= Rajko Đurić =

Serbian Romani writer (1947–2020)

(undated)

Raјko Đurić (Serbian Cyrillic: Рајко Ђурић, Raiko Juric; 3 October 1947 – 2 November 2020) was a Serbian Romani writer and academic. He was also politically active as the leader of one of Romani parties in Serbia - Roma Union of Serbia.

==Biography==
Đurić was born on 3 October 1947 in Malo Orašje, Smederevo, SR Serbia, SFR Yugoslavia. He studied philosophy at the University of Belgrade Faculty of Philosophy (1967–1972). In 1986 he obtained a Doctorate of Sociology writing the dissertation Culture of the Roma in S.F.R. Yugoslavia. In 1991 he moved to Berlin avoiding involvement in the Yugoslavian wars.

He wrote more than 500 articles as well as 34 books and he has also collaborated with the production of the films I Even Met Happy Gypsies (Skupljaci perja) by Aleksandar Petrović; he is also the co-writer of the film Time of the Gypsies (Dom za vešanje) by Emir Kusturica.

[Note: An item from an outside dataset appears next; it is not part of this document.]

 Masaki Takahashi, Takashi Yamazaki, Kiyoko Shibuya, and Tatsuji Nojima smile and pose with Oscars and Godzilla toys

Until leaving Yugoslavia, was the chief redactor for the cultural section of the newspaper Politika in Belgrade. He was the President of the International Romani Union and was the General Secretary of the Romani Centre of International PEN. His literary works have been translated into more than five languages. In 2011, he co-founded a Romani academy of arts and sciences in Belgrade and was its president until his death.

In politics, Rajko Đurić defended the interests of the Romani people in Serbia.
In the 2007 Serbian parliamentary election, Đurić presented and led a list of 249 candidates for the Roma Union of Serbia.
He obtained 17,128 votes, or 0.42% of the vote, which allowed him to be elected to the National Assembly of Serbia.
In the 2008 Serbian presidential election, Rajko Đurić supported the candidacy of outgoing President Boris Tadić in the first round of the ballot. In the early 2008 Serbian parliamentary election, Đurić once again headed the list of the Roma Union of Serbia, which included 200 candidates.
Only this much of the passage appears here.